2015: Pennsylvania Mountain Mentioned in Science Magazine!
Just published research in the September 2015 Science magazine co-authored by MALT Ambassador Dr. Candace Galen and MALT Pennsylvania Mountain Research Intern Elizabeth Hedrick finds that in two alpine bumble bee species, decreases in tongue length have evolved over 40 years.

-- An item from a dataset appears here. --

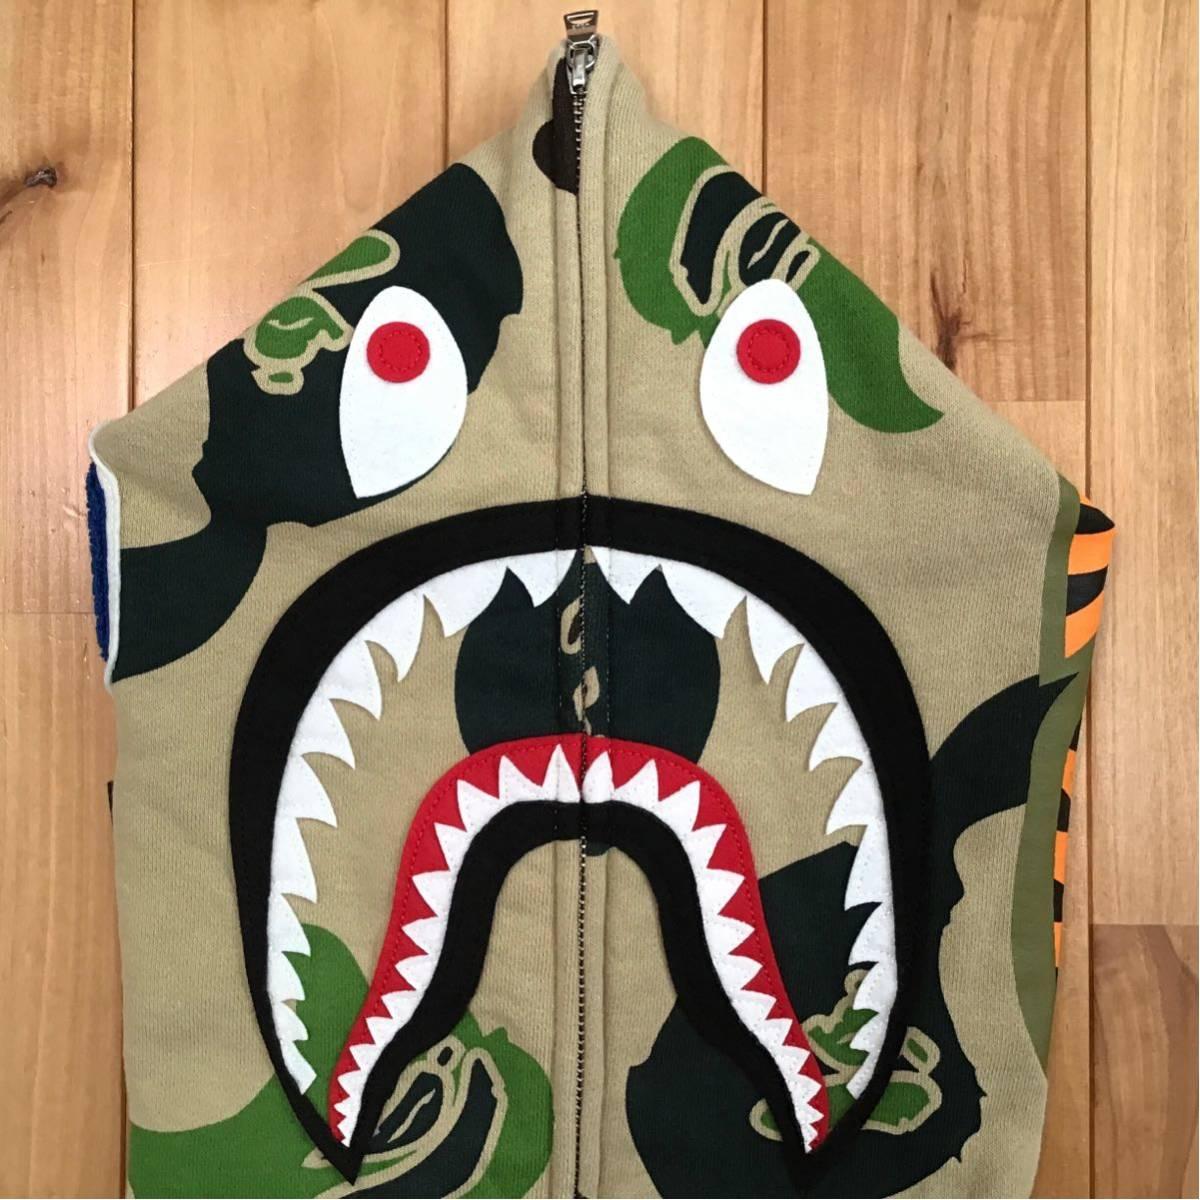 Def camo シャーク パーカー Mサイズ shark full zip hoodie a bathing ape bape エイプ ベイプ アベイシングエイプ 迷彩 WGM 232t

Researchers have concluded that a shorter tongue has allowed bumblebees to suck nectar from a wider variety of flowers. “Our analyses suggest that reduced flower density at the landscape scale is driving this shift in tongue length,” the authors wrote in the study. “Although populations of long-tongued bees are undergoing widespread decline, shifts in foraging strategies may allow alpine bumblebees to cope with environmental change,” the authors wrote. “We see broader bumblebee foraging niches, immigration by short-tongued bumblebees, and shorter tongue length within resident bee populations as floral resources have dwindled. In remote mountain habitats – largely isolated from habitat destruction, toxins, and pathogens – evolution is helping wild bees keep pace with climate change.”
MALT’s property at Pennsylvania Mountain Natural Area is one of the primary research locations where this study was conducted.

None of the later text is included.